We explore the foreign economic policy activities of Arthur I. Bloomfield, a prominent economist of the Federal Reserve Bank of New York in the 1940s and the 1950s. During the cold war, Bloomfield headed several missions to South East Asia, assisting local authorities in shaping new foreign exchange regimes and banking institutions. Bloomfield's most successful mission concerned the constitution of a new central bank in South Korea, established in June 1950.

In line with the Fed's new strategy established by Robert Triffin, head of the Latin American section, Bloomfield moved away from the dogmatic style of Edwin Kemmerer that dominated U.S. overseas missions in the first half of the twentieth century; “Southern” economies, in fact, rather than benefiting from Kemmerer's policies, had been increasingly hit by cyclical instability. According to Triffin and Bloomfield, U.S. overseas missions should loosen constraints on the activity of economic institutions and policy authorities, in order to increase their effectiveness as guarantors of financial stability and promoters of national development.

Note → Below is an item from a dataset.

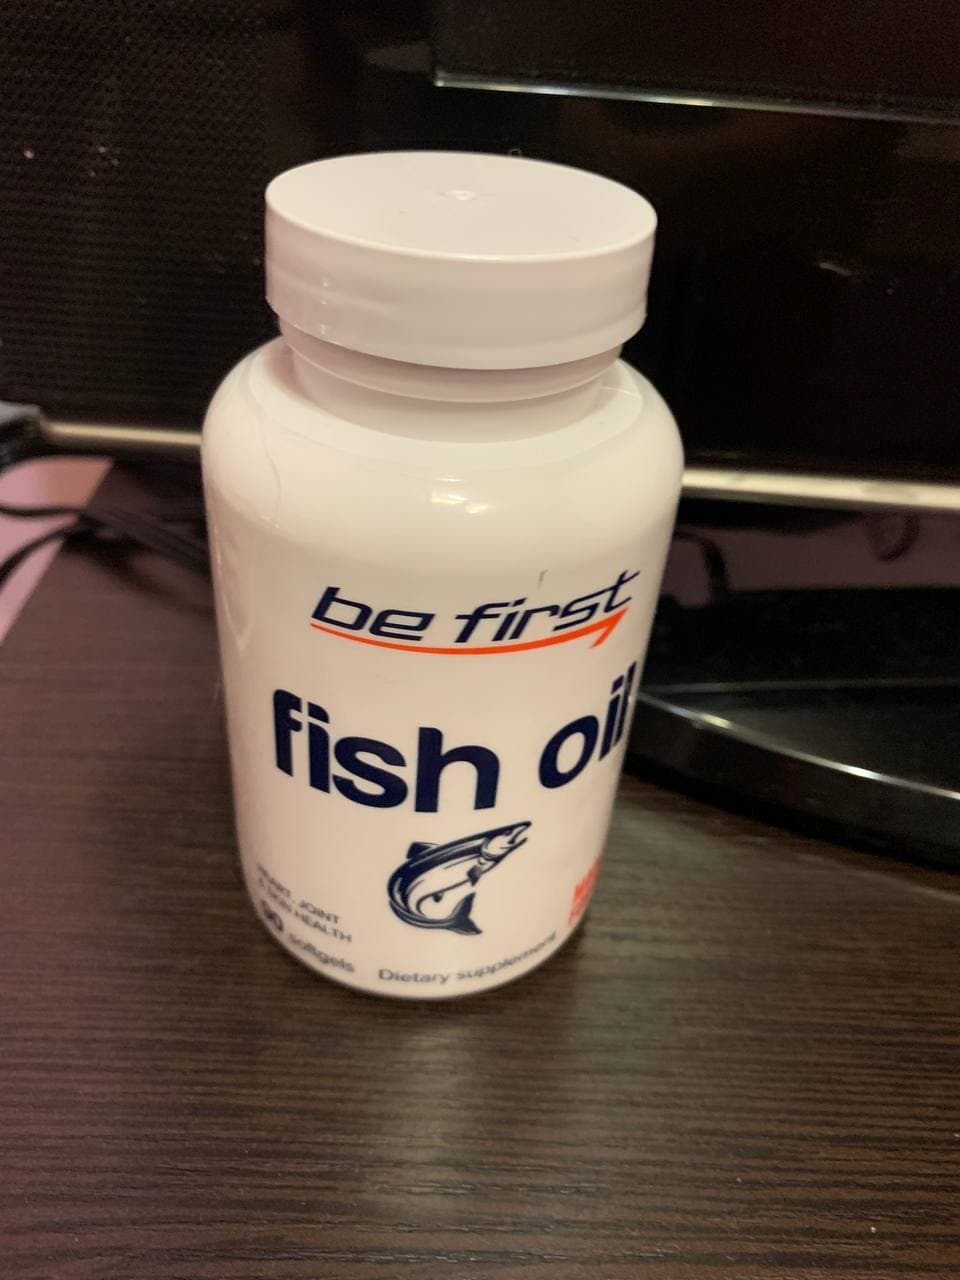 Be First Рыбный жир Fish Oil - Очень качественный продукт
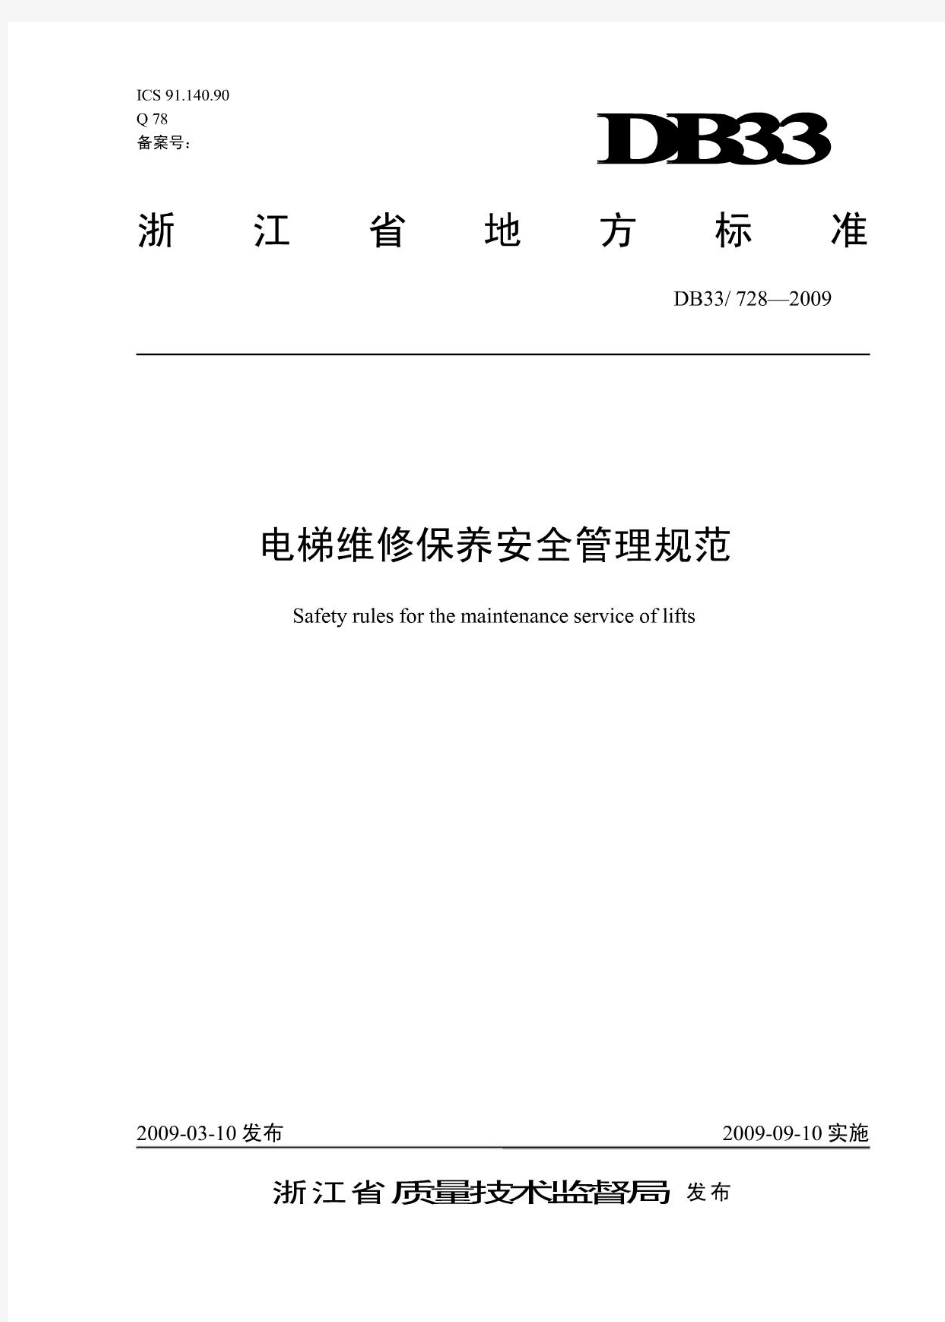 浙江省地方标准-电梯维修保养安全管理规范

We examine this episode in the light of the U.S. postwar foreign economic relations and the concept of “embedded liberalism.” The Bloomfield missions to South Korea show with great clarity the principal features of the Fed's new foreign strategy and the need to examine the actual advisory activity of Fed economists during the 1940s: they were at the intersection between domestic and international political and economic systems. Ultimately, they played a major role in forging the actual foreign policy of the United States.